The industrial action, which started earlier this year in January, was triggered by a dispute between the Labour-run Birmingham City Council and Unite the union over the scrapping of a certain role.
As residents and high-profile political figures express deep concern over the state of the city, Conservative councillors have recently requested that the controversial move from weekly to fortnightly bin collections be suspended until 2026.
From next month, the city council is planning for neighbourhoods across the city to transition in phases to fortnightly collections of household rubbish.

But in a letter addressed to Majid Mahmood, the council’s cabinet member for environment, the Conservative councillors recently wrote that Brummies are already grappling with “significant disruption and uncertainty”.

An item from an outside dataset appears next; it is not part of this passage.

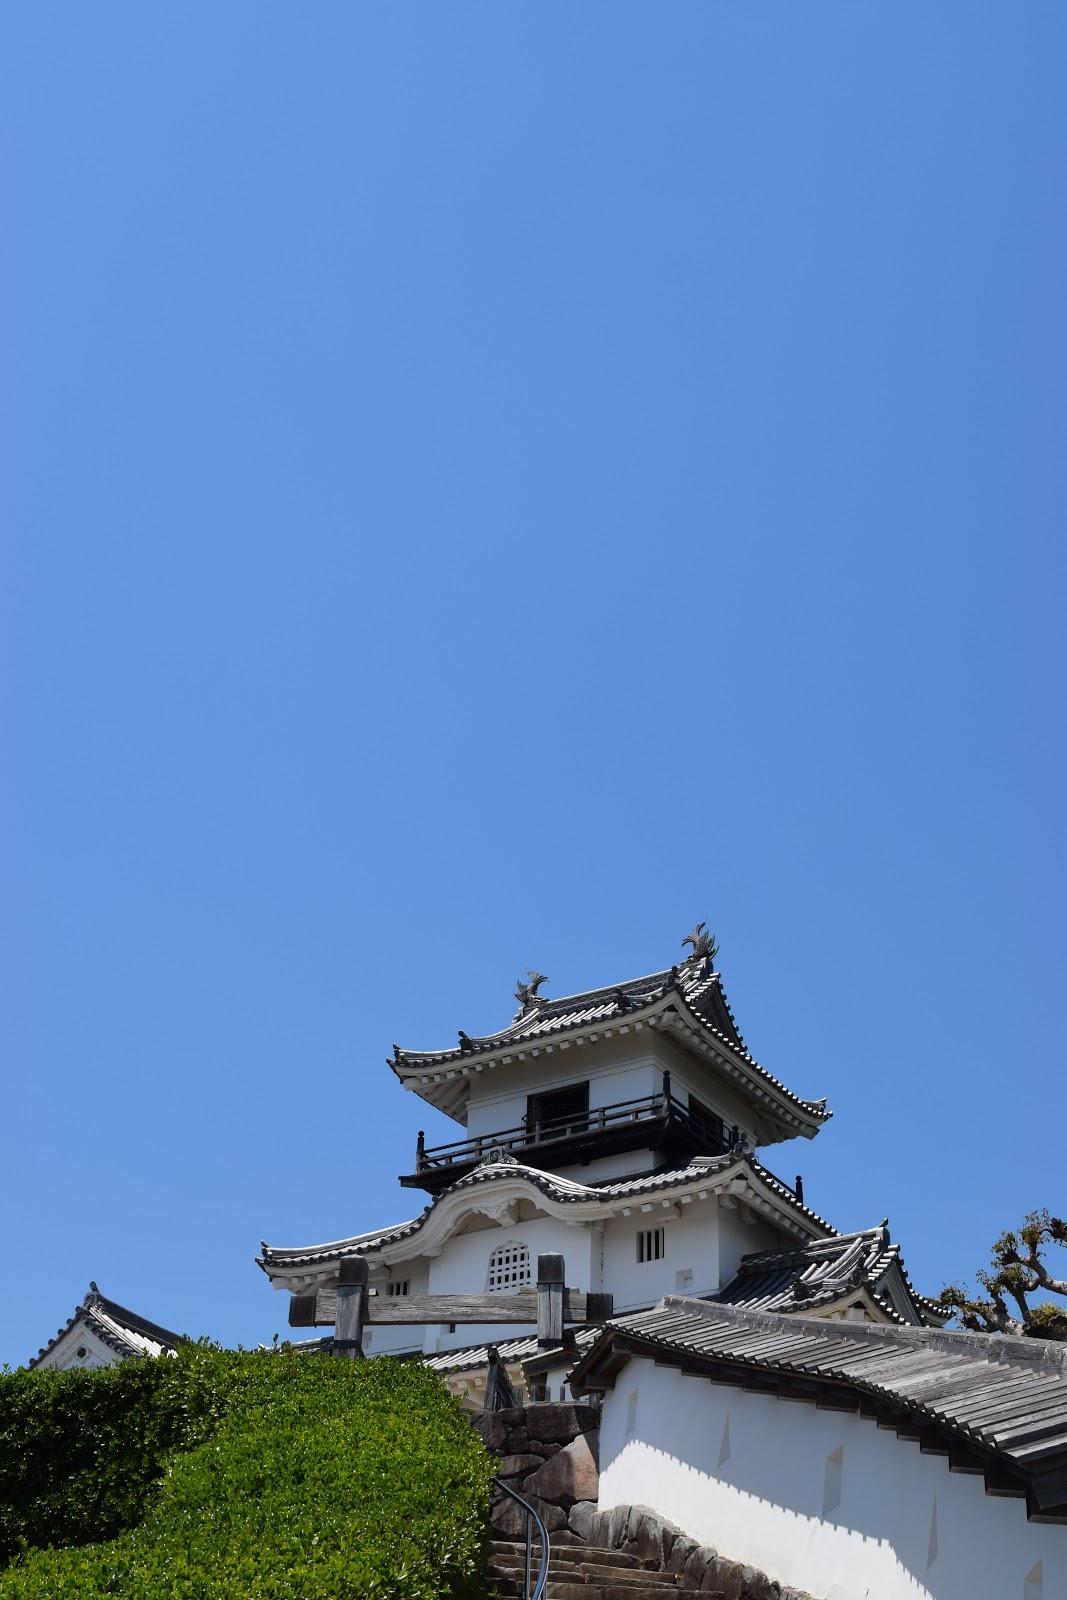 Kakegawa castle, Shizuoka prefecture

“Adding a major overhaul to collection schedules will exacerbate an already untenable situation for households across the city,” the opposition shadow cabinet continued.
“For families, elderly residents, and those in flats with limited storage, managing waste is already a daily struggle.
“Introducing fortnightly collections amidst this burden would create a double whammy, forcing residents to store twice as much residual waste with no guarantee of when – or if – it will be collected.”
They went on to argue that switching to fortnightly collections mid-strike “feels like piling one uncertainty atop another”.
“We urge you to pause this plan until the industrial action is settled, the streets are cleaned and normal service resumes,” the Conservative councillors added.
“We believe that summer of 2026 is the earliest possible practical timeframe to allow the council to properly plan for this.
“Give residents a chance to adjust without the added stress of overflowing bins.”
A spokesperson for the council said today, March 24, that the authority is still “considering its options on delaying the rollout of the transformation of the waste service as a result of strike action from Unite”.
They also explained that the move to a fortnightly collection of household rubbish would be introduced alongside weekly food waste collections and a second recycling bin specifically for recycling paper and cardboard.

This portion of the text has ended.